Microsoft a démantelé l’infrastructure de RaccoonO365, un groupe de menaces financières qui a facilité le vol de plus de 5 000 identifiants Microsoft depuis juillet 2024, en confisquant 338 domaines liés à cette activité criminelle. Selon un rapport publié par la société, RaccoonO365, également connu sous le nom de Storm-2246, est devenu l’outil de phishing à la croissance la plus rapide utilisé par les cybercriminels, opérant dans 94 pays et attaquant plus de 2 300 organisations aux États-Unis par le biais de campagnes de phishing thématiques liées aux impôts.
Une opération de haut profil
Les kits de phishing proposés par RaccoonO365, qui incluent des courriels frauduleux et des sites web falsifiés avec la marque de Microsoft, ont particulièrement touché des organisations du secteur de la santé aux États-Unis. « La rapide évolution et l’accessibilité de services comme RaccoonO365 indiquent que nous entrons dans une nouvelle phase alarmante de la cybercriminalité, où les escroqueries et les menaces vont probablement se multiplier de manière exponentielle », a averti Steven Masada, avocat adjoint à l’Unité des Crimes Numériques de Microsoft.
Microsoft, en collaboration avec Cloudflare et Chainalysis, a mené cette opération sous un mandat judiciaire du tribunal du district sud de New York, réussissant à identifier et à suivre des transactions de cryptomonnaies liées à l’organisation criminelle.

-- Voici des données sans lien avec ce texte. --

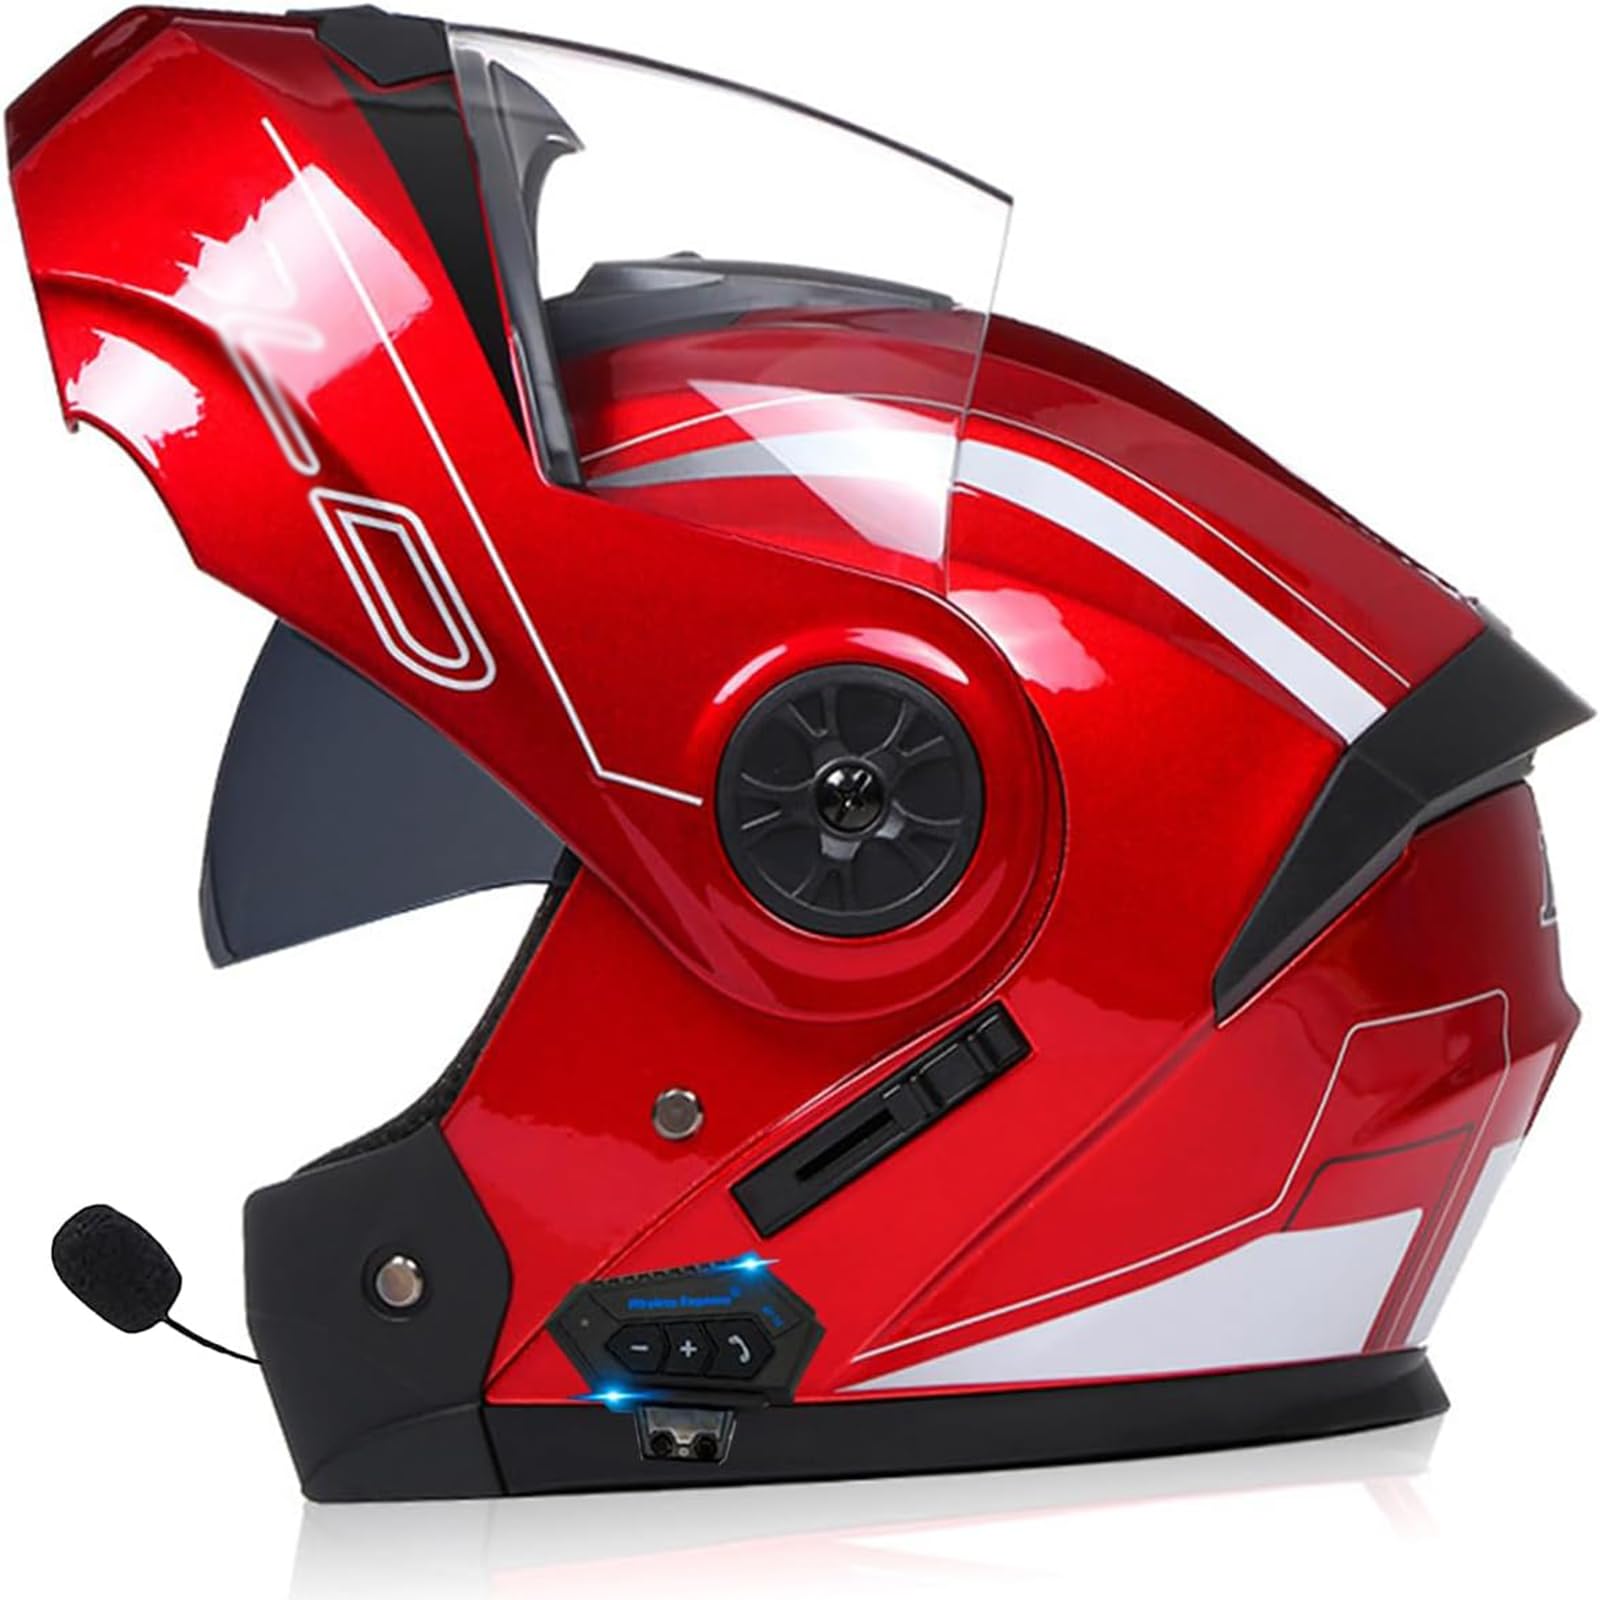 Motorrad Integrierter Bluetooth-Helm Mit Doppelvisier,Adults Klapphelm Mit Bluetooth, Motorradhelm Sturzhelm Für Herren Und Damen ECE Genehmigt Automatische Reaktion von SDPPTY

Joshua Ogundipe, un Nigérian accusé de diriger ce groupe, aurait obtenu plus de 100 000 dollars en cryptomonnaies en vendant des kits de phishing à une communauté de plus de 850 membres sur Telegram. La société a remarqué qu’Ogundipe a une formation en programmation et serait responsable d’une grande partie du code de cette plateforme criminelle.
Cependant, Microsoft a également souligné les lacunes de la réglementation internationale, mettant en avant le manque de coopération gouvernementale dans la lutte contre la cybercriminalité comme un obstacle significatif. Malgré le succès de cette intervention, les experts prévoient que les cybercriminels tenteront de reconstruire leurs opérations, ce qui exige un effort constant de la part des autorités pour combler les lacunes existantes dans la législation actuelle.